I remember the whole "Names refer to objects. Names are introduced by name binding operations" terminology just clicked when I saw python.net/~goodger/projects/pycon/2007/idiomatic/… So you don't change change member you just bind it to another object. And though member is not one of the objects in the list at any moment, it refers to each of them.
neurino over 12 years

@GreenMatt: I agree being pythonic is not mandatory however if I never heard about being javanic or *C*inic is because python offers a slight different way of thinking about programming and writing code, the early you get it the better IMHO. Anyway there are situations where all you need is and index and nothing else, in that case I go with xrange(len(l)) and don't feel being less pythonic... :)
neurino over 12 years

@J.F. Sebastian: honestly in the same situation (3rd example) I'd go with list comprehension too (if condition does not appear to be cumbersome or awkward) Cheers
GreenMatt over 12 years

@J.F. Sebastian: I think I had edited the entry after your downvote.
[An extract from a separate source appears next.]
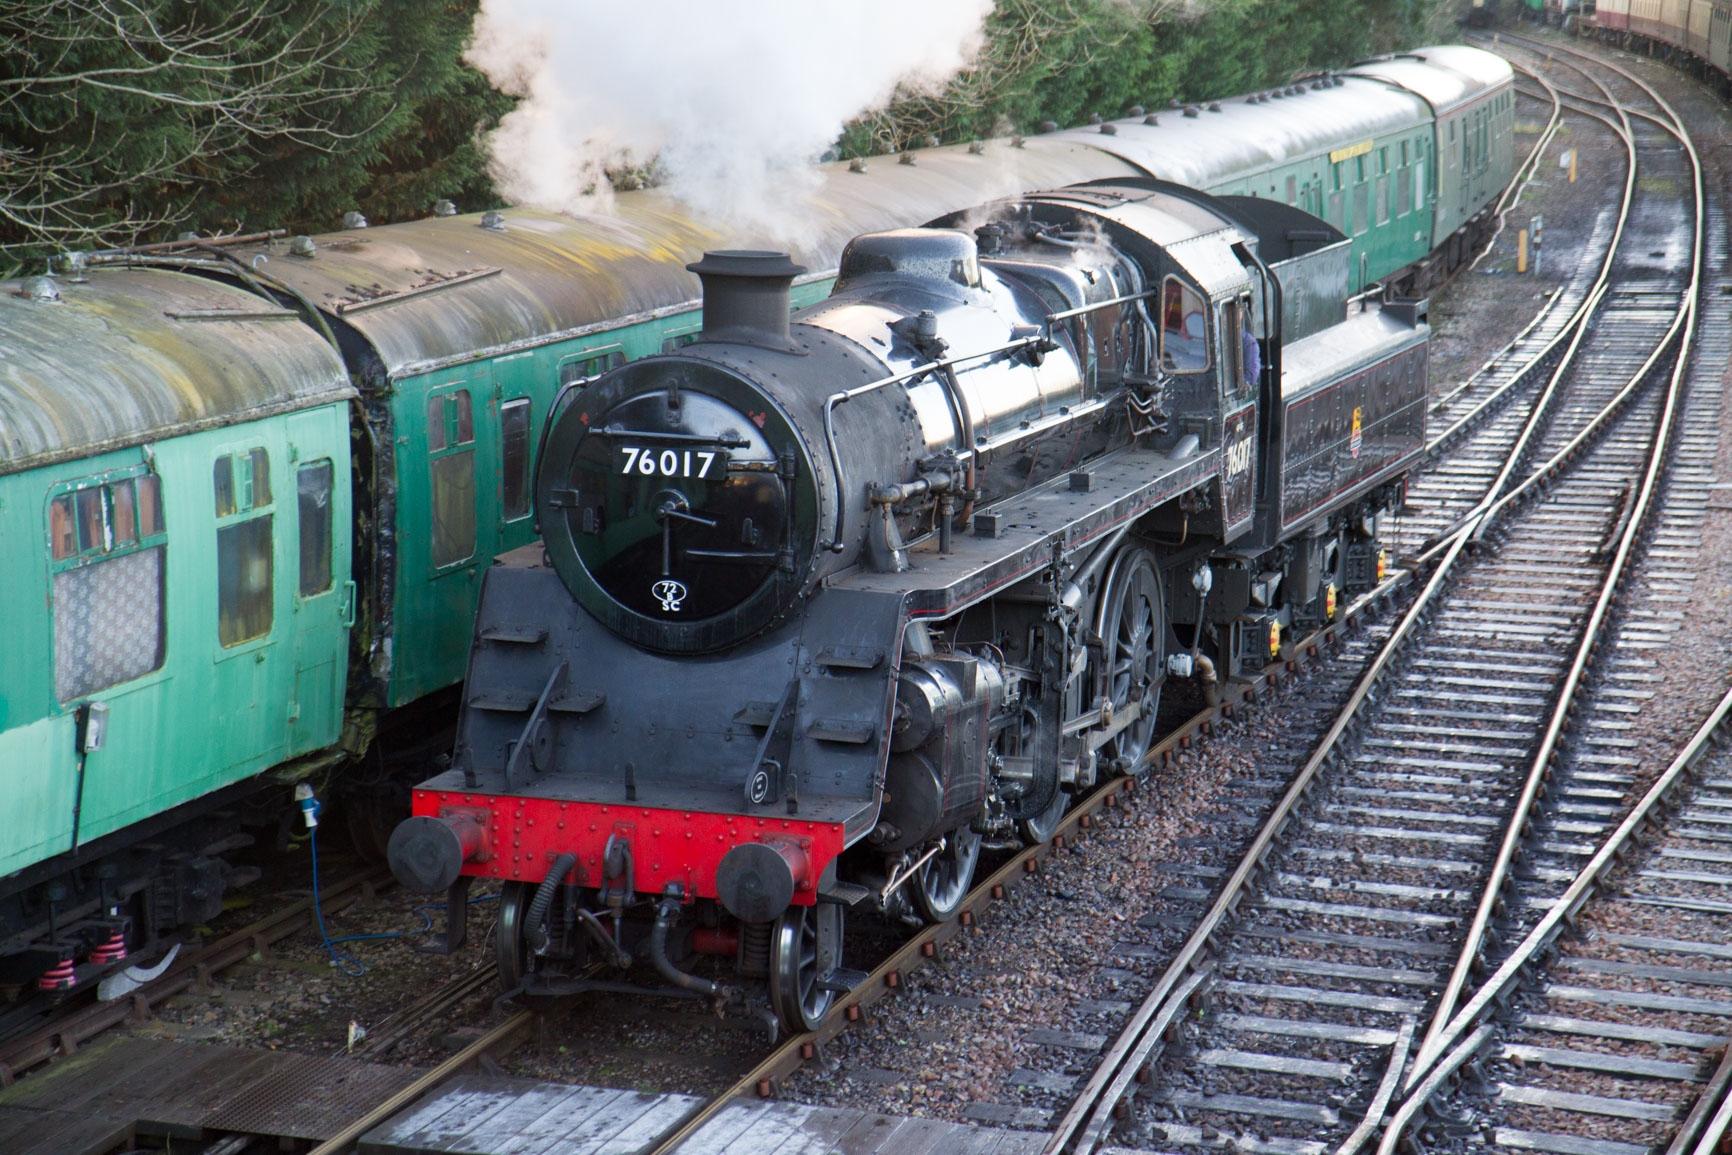 Watercress Line Steam Trains, Hampshire
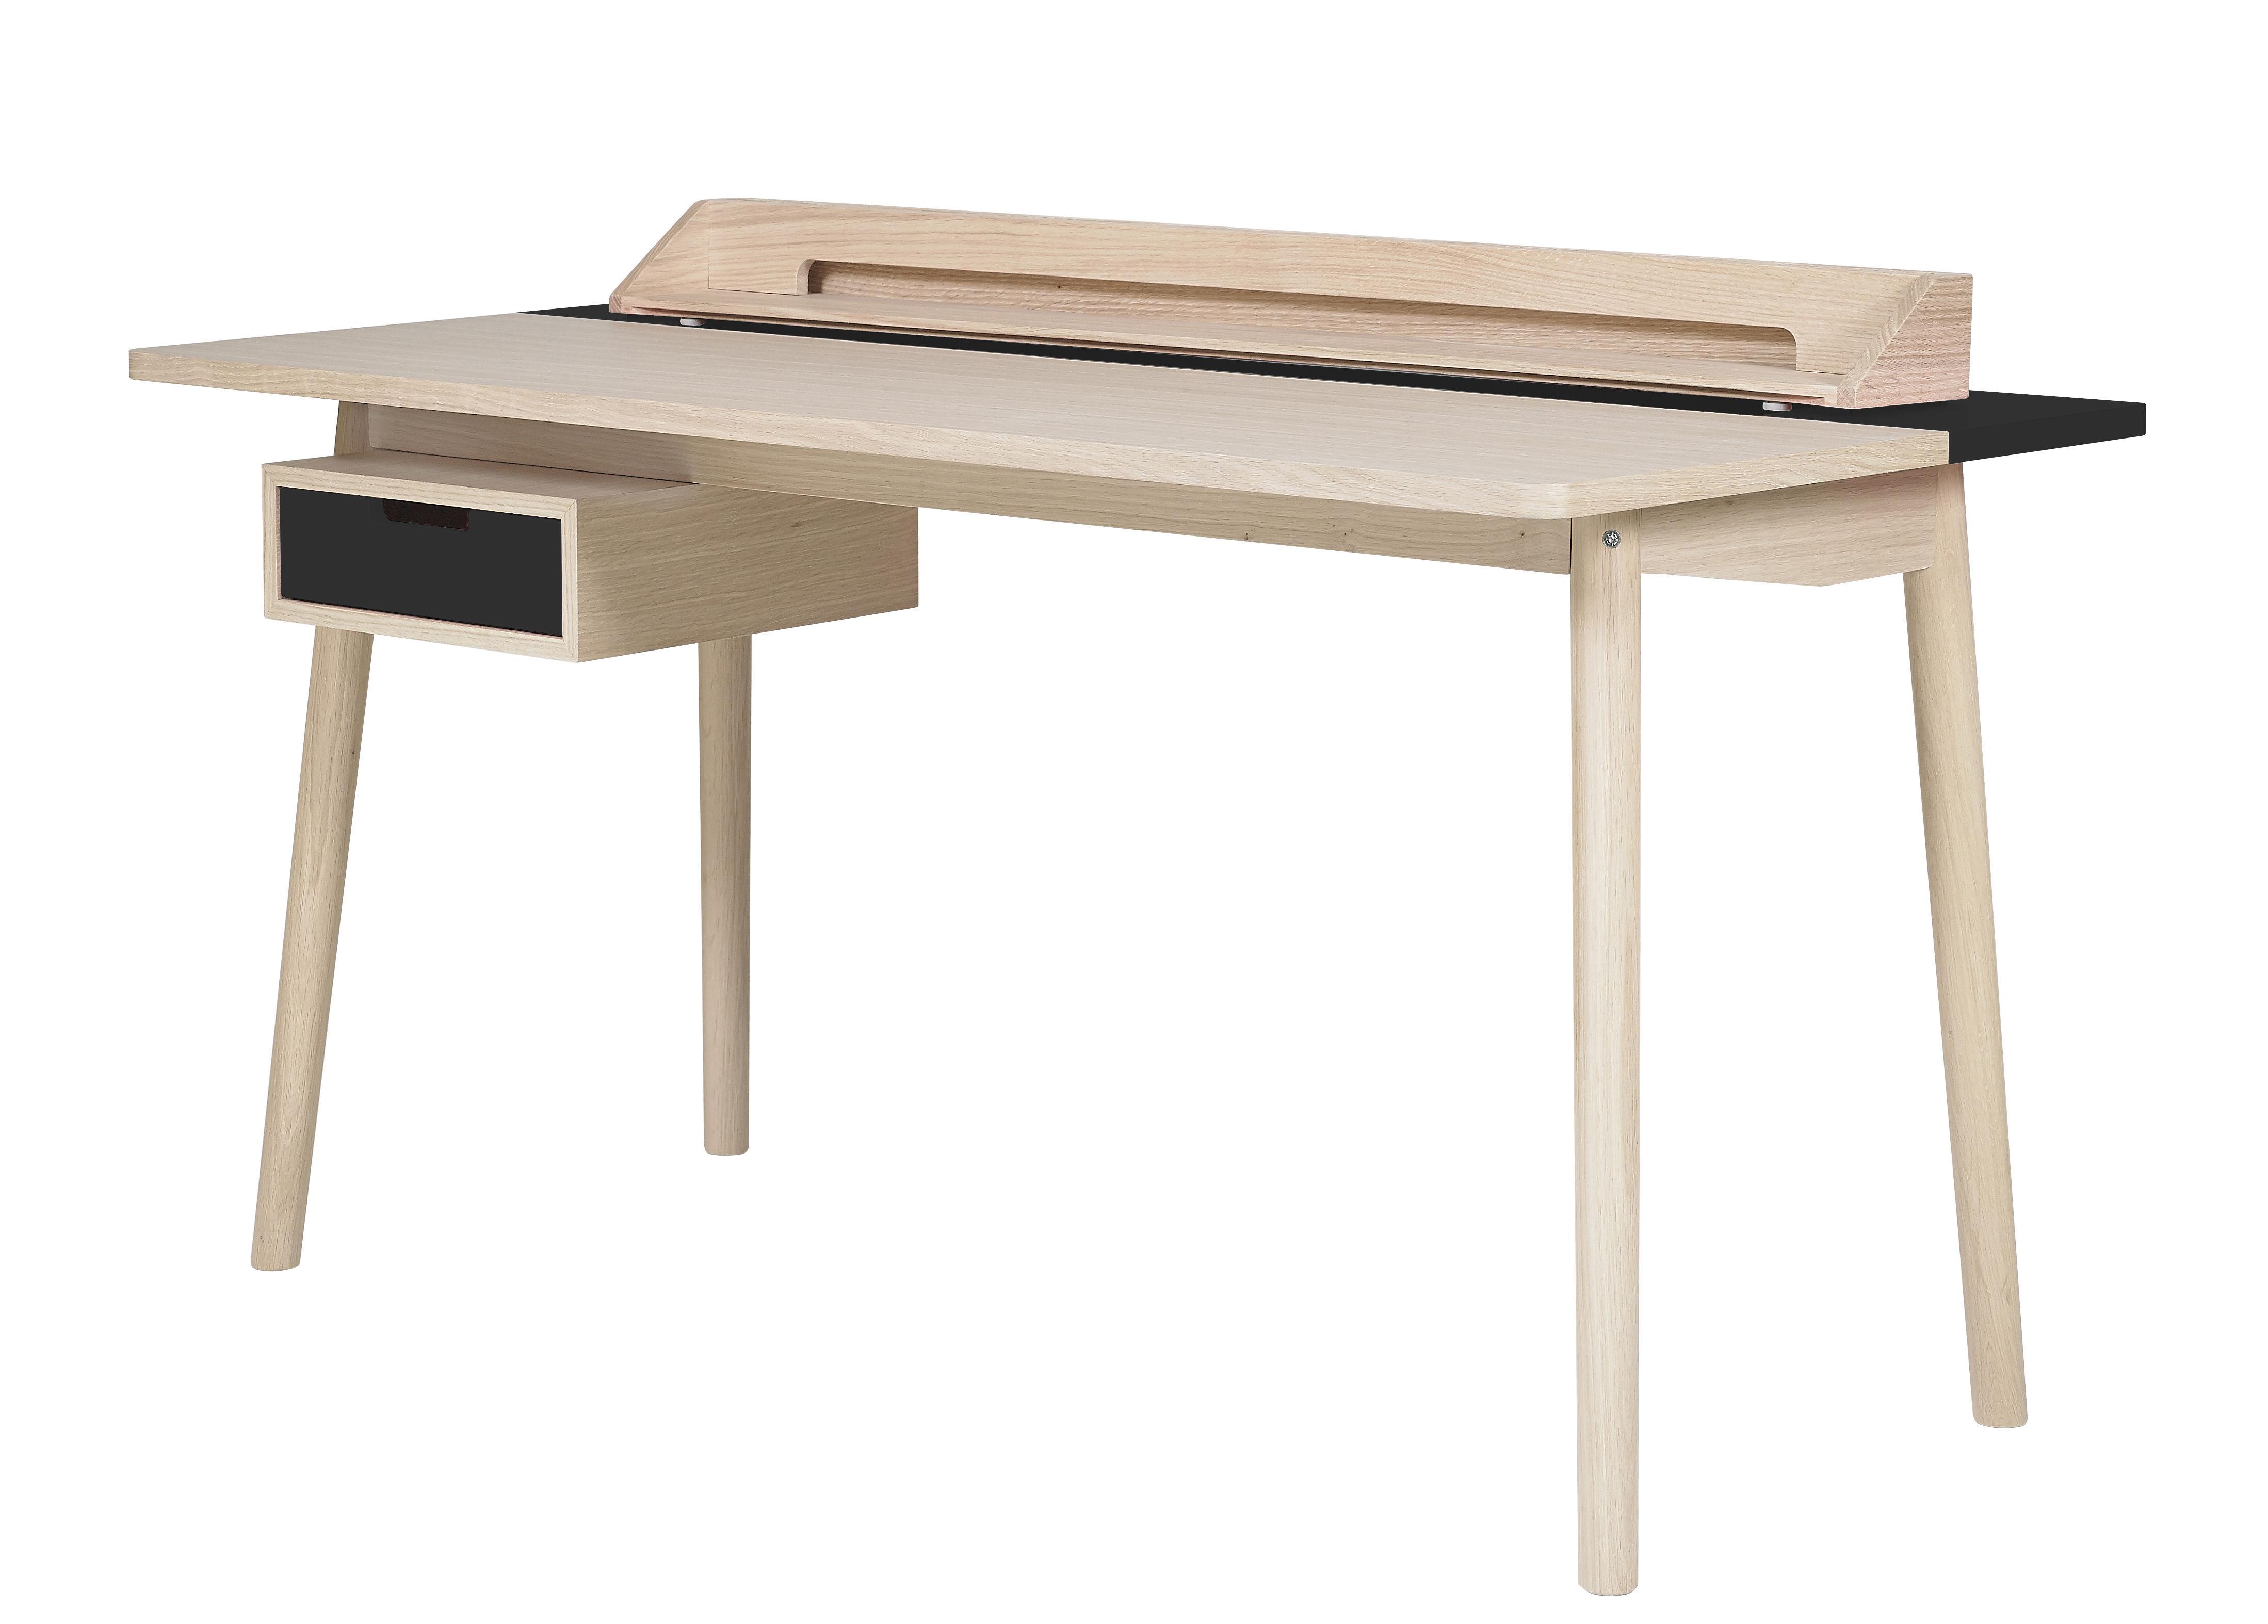 Furniture - Office Furniture - Honoré Desk by Hartô - Grey slate - MDF veneer oak, Solid oak

However, I have edited it again (hopefully improving it).
jfs over 12 years

btw, there are no primitives in Python unlike in Java. Integers are (immutable) objects.
Syndacate over 12 years

@neurino: I have little interest in it being pythonic, the code is for me for a class, if it was up to me it'd be in C++, but it's not up to me. It needs to work correctly, that is all. Every language has their "nics" - C gurus try to be very tricky with some utility and syntax black magic, Java gurus try to design a hello world program to be modular, haskell gurus pride themselves in 1 line recursively functional function calls, etc. I don't think there's any really "correct" answer, either, just what one prefers. That being said, I do now understand the name-binding concept python uses.
neurino over 12 years

@Syndacate: you should have written you have little interest in python at all otherwise you should care about language specs and zen. Cheers
r.v over 10 years

The name binding works the same way as in Java. I could not see any difference.
Sqeaky over 8 years

In java primitives like ints and booleans are passed by value and everything not a primitive is passed by reference. Binding to a name is similar to passing by reference, minus the type safety and probably a few other details. In java a reference maintains, at least into compilation, type data about what it can refer to python names have no such restriction.